Anchor-based Approaches

These approaches to determining the MCID relate a change on a patient-reported outcome measure to some external criterion thought to be indicative of change.15 Such external anchors may include objective outcomes (such as medication use or healthcare utilization) or subjective indications (such as patient reports of improvement).
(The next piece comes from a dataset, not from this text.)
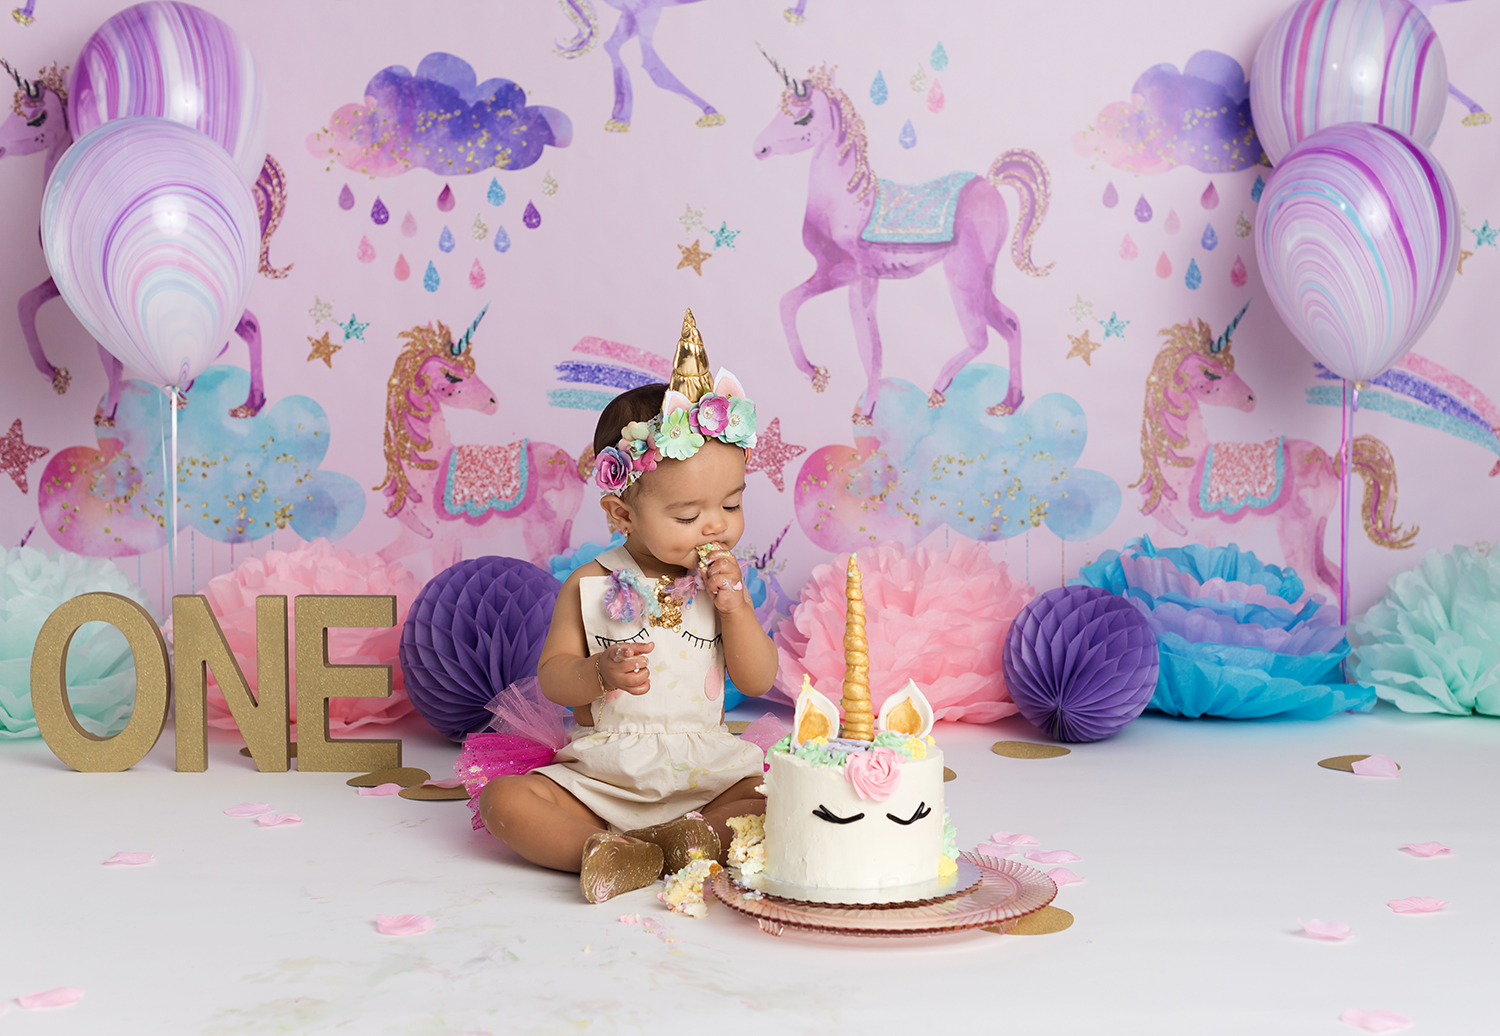 studio first birthday cake smash of baby girl and unicorn theme setup

Indeed, patients’ global assessments of treatment efficacy after its completion is the primary anchor used to develop an MCID value. However, it should be clearly noted that evaluating responsiveness on one self-report measure based on another self-report rating is both circular in logic and fraught with bias. For example, global ratings possess unproven validity and reliability, and are also likely subject to contextual and personal influences (including patient expectancy and recall bias factors).

These anchor-based methods are also used in combination with statistical calculations in many ways, such as: determining the mean change score (MCS) of patients reporting significant change; comparing the magnitude of change to the variability of non-changed patients (minimal detectable change, or MDC); and finding the optimal cut-off score to differentiate between changed from non-changed patients (optimal cutoff point, or OCP).18 Despite subsequent statistical elaboration, such methods are founded upon patients’ global judgments of their experiences of change. In addition, all of these methods require accurate, non-arbitrary classification of patients into the various groups—a condition that is complicated by self-report effects and scale imperfections, but rarely explicitly addressed in the literature. In sum, anchor-based approaches attempt to address clinical importance by relating observed change to an external anchor, but the relevance and validity of any such external anchor must be firmly established in order to provide any meaningful guidance. This knowledge is currently lacking in the scientific literature.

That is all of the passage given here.